The upcoming General Election is an important opportunity for Britain’s next government to adopt a clean-slate approach: to step back, review existing structures and strategies, and make considered improvements where necessary.
The next government must avoid the temptation for short-term, knee-jerk Brexit-focused policymaking, and instead prepare a durable plan for the benefit of the UK economy and business.
A sustainable industrial strategy for everyone
Any new administration must look to boost businesses confidence and establish a stable economic environment.
This includes the continued commitment to a UK-wide industrial strategy that helps businesses of all sizes to start, grow, and boost the UK’s economy and productivity.
The strategy must hone in on the barriers to growth for SMEs and scaleups, with a recognition that the challenges faced in England, Scotland, Wales and Northern Ireland will differ according to financial landscapes, connectivity, and talent pools.
Regional administrations will need to work closely with local businesses to identify effective solutions to any challenges that are holding UK businesses back.
An ambitious, UK-wide strategy sends a clear signal to international partners that the UK remains a reliable long-term business partner that is actively looking for cross-border business opportunities.
A practical approach to skills gaps
Government needs to recognise that employers are best placed to identify skills gaps and anticipate what capabilities workforces of the future will need.
To create a future-proof workforce, the right educational programmes and skills training must be put in place.
Governments, schools, and businesses alike need to look beyond traditional education routes when developing a highly skilled and agile workforce, focusing on creating a lifelong learning culture within the workplace, and boosting career aspirations for younger generations.
The first step must be a wholesale review of national careers advice and building strong links between local businesses, schools and learning providers, to ensure a better alignment between learning and the workplace.
Vocational education will play a key part in the creation of a multi-skilled and flexible workforce, and it is therefore vital that vocational career pathways – such as apprenticeships – include core transferrable skills that benefit both individuals and employers.
A return to the basics of the tax system
The government should revisit key tenets of the tax system such as business rates, and ensure they are conducting a root and branch review of current systems, with consideration of the changing post-Brexit business landscape.
It may be time, for example, to detach business rates from property values.
The deferment of Making Tax Digital following its removal from the Finance Bill in the previous Parliament is a sensible move, allowing government and stakeholders to reassess the current plan post-election.
This gives time to take a constructive and close look at the Finance Bill, and then the delayed MTD can be later scrutinised alongside potential accelerated tax payments.
The next government should also avoid the temptation to tamper with tax plans, and instead conduct a thorough review of existing systems to lay the foundation for long-term planning.
A holistic and prioritised approach to public sector funding
Government should adopt a holistic outlook when considering funding for public services.

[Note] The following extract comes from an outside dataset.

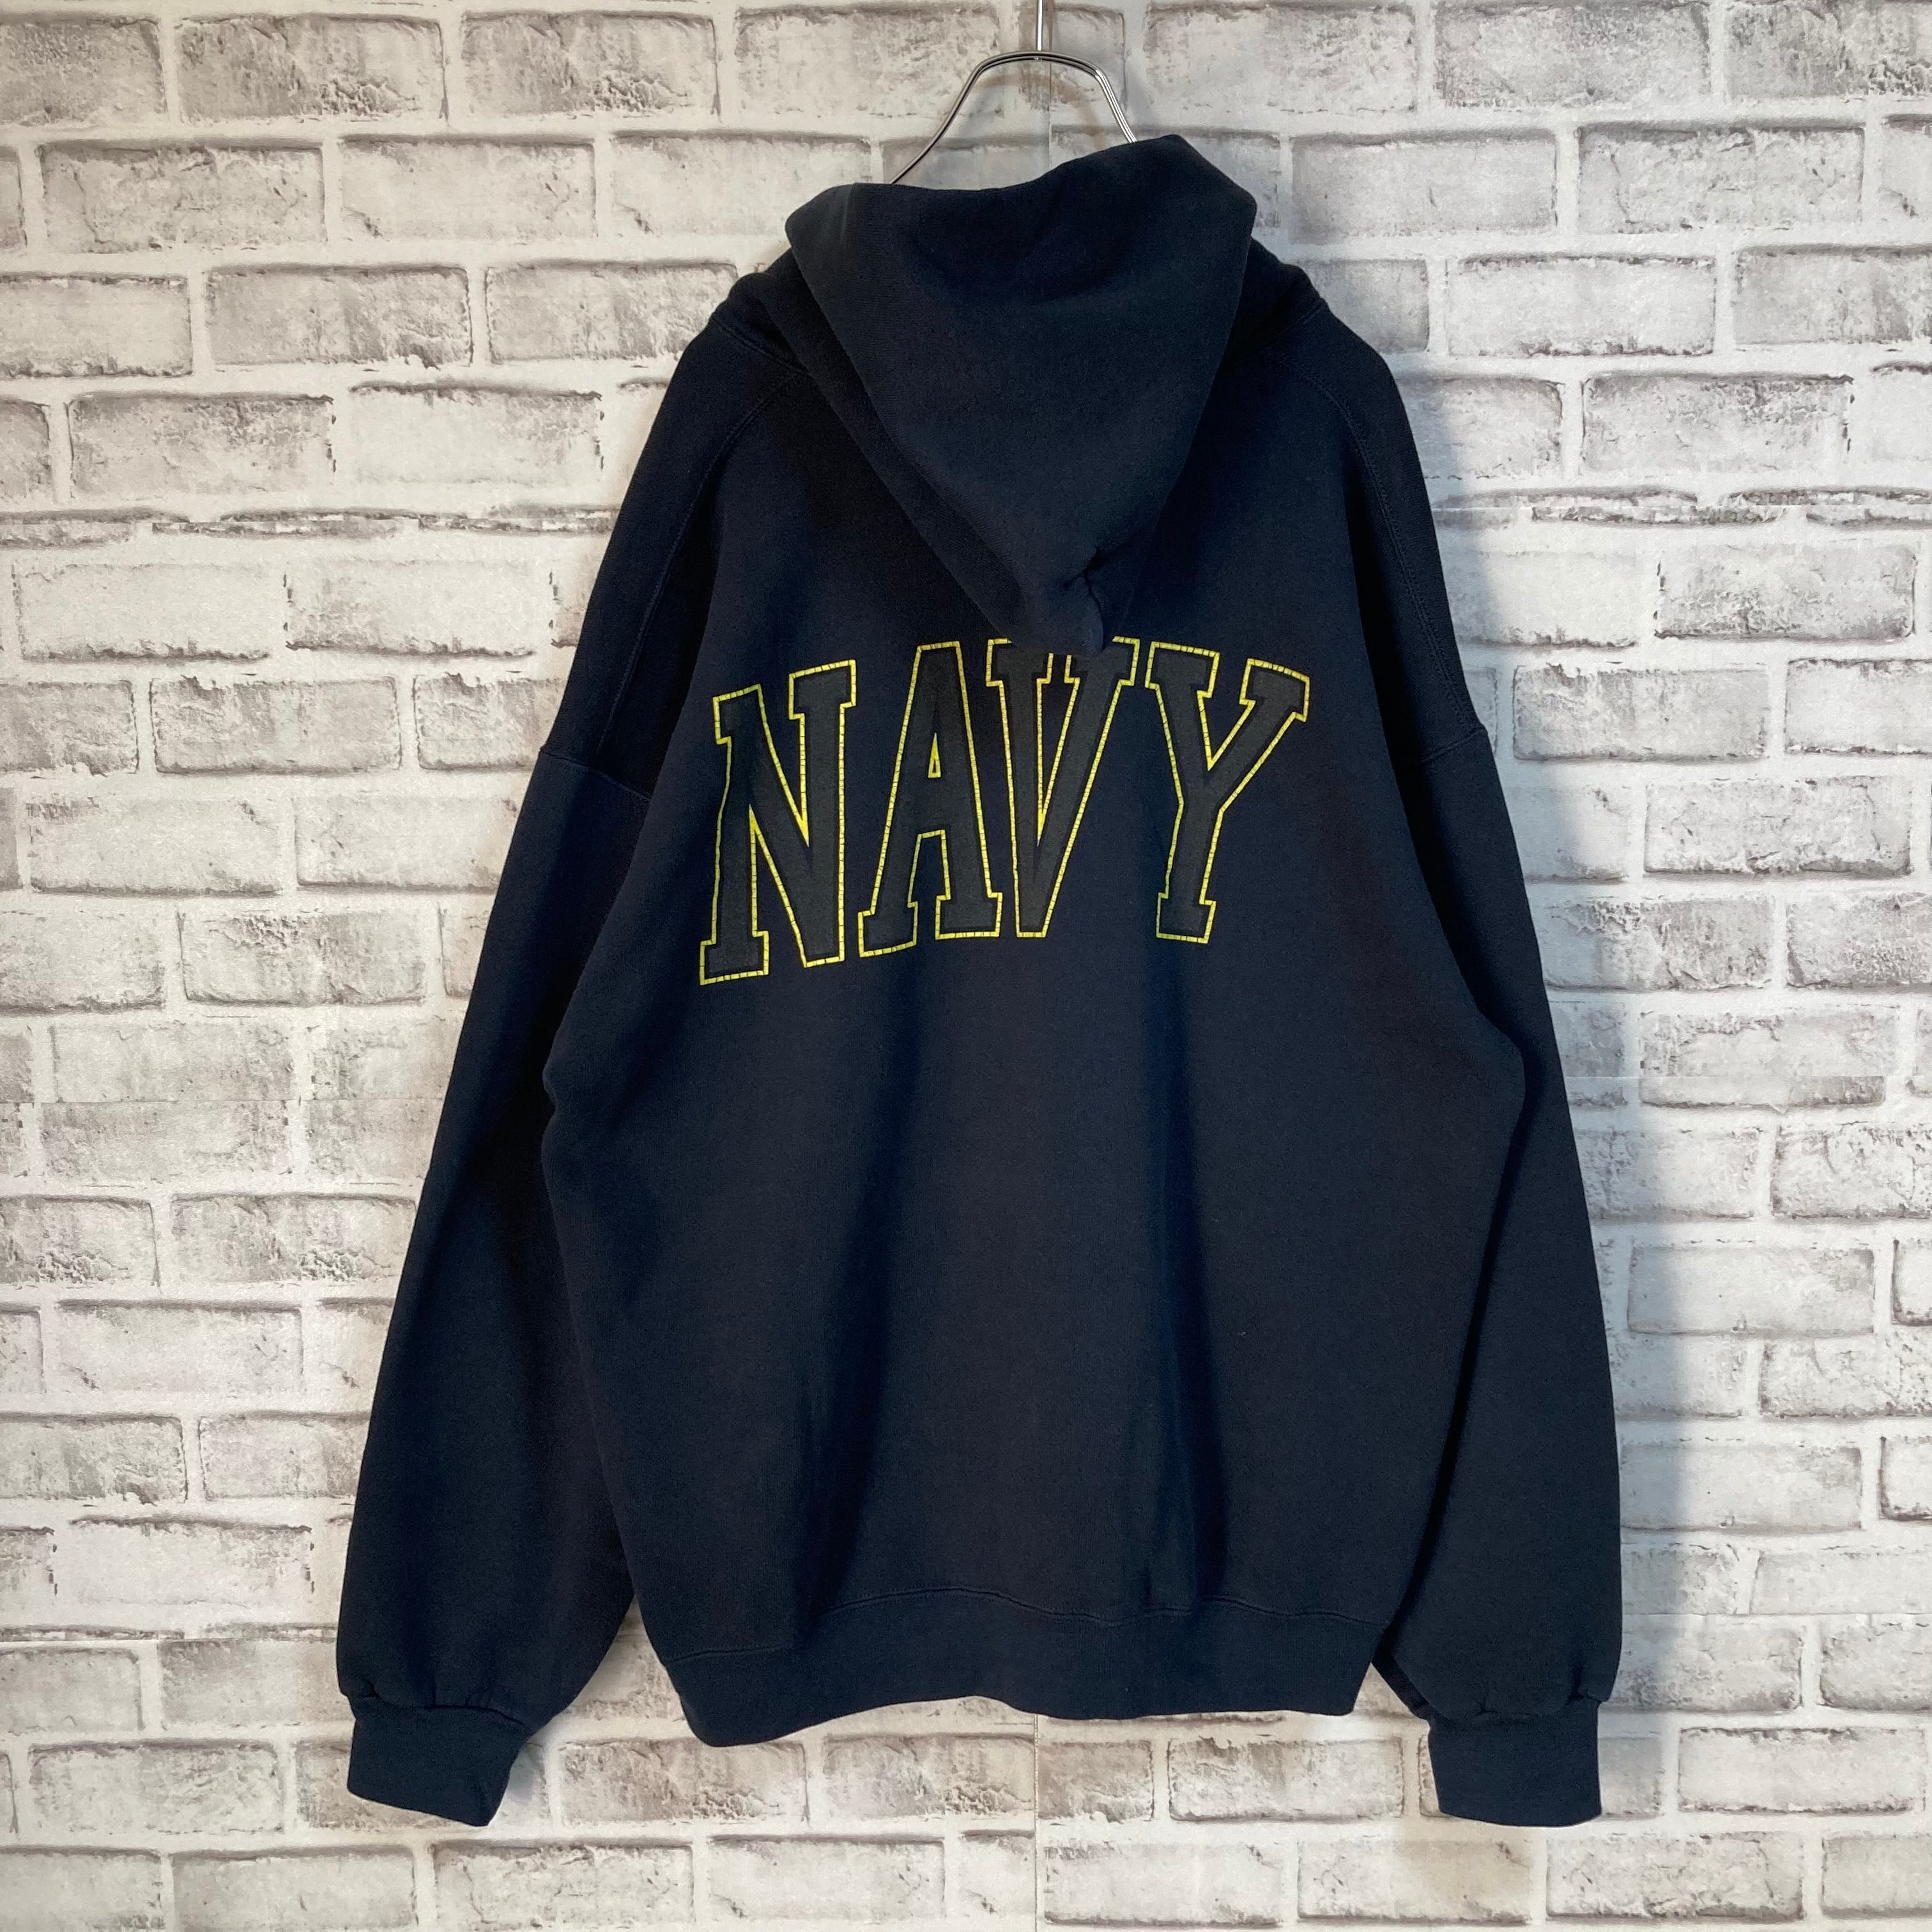 【SOFFE】Pullover Hoodie XL Made in USA 90s “US NAVY” プルオーバーパーカー アメリカ海軍 米軍  軍モノ フーディ センターロゴ バックロゴ アメリカ USA 古着

A cross-governmental system would promote greater collaboration, reduce doubling of efforts, and ensure the best funding is in the right area to make sure people receive the public services needed. Equally, stability is important and a long-term funding framework in place would most likely deliver greater value for taxpayers.
The public sector landscape is ever-changing, and while the previous government’s position on regional control over public services finances is practical and commendable, more needs to be done to make this a reality. This would give local public sector bodies more control over budget allocation.
Vast improvement is also needed to bring the public sector into the digital age – as the recent vulnerability of the NHS to malware attacks showed – and to run public services more effectively, including up-skilling staff to adopt change.
Avoid overly prescriptive solutions to corporate governance concerns
Government needs to support voluntary measures to improve the culture of corporate governance in the work place. ACCA advises against unnecessary additional regulation, for both listed and privately-held companies, believing that a one-size-fits-all approach will not work and that positive reinforcement of culture-led solutions will be more effective.
To improve current guidance on corporate governance, we need to look at how corporate leadership can involve and engage its stakeholders effectively, from employees to shareholders. Bottom-up solutions that obtain the buy-in of employees, for example, are becoming as important as top-down solutions and shareholder engagement.
The government must also be mindful of pay trends for UK companies, which could intensify due to global economic uncertainty on issues such as Brexit, which increases competition for talent.
ACCA supports measures to increase the transparency of company pay policies through a voluntary approach. This will enable companies to demonstrate their commitment to accountability and facilitates their engagement with relevant stakeholders.
Alongside the clear challenges, the next government will have new opportunities it can seize on behalf of business and the public. It will need to show bold, considered leadership to secure Britain’s place in the world and drive prosperity in the post-Brexit era.
Helen Brand is chief executive of ACCA.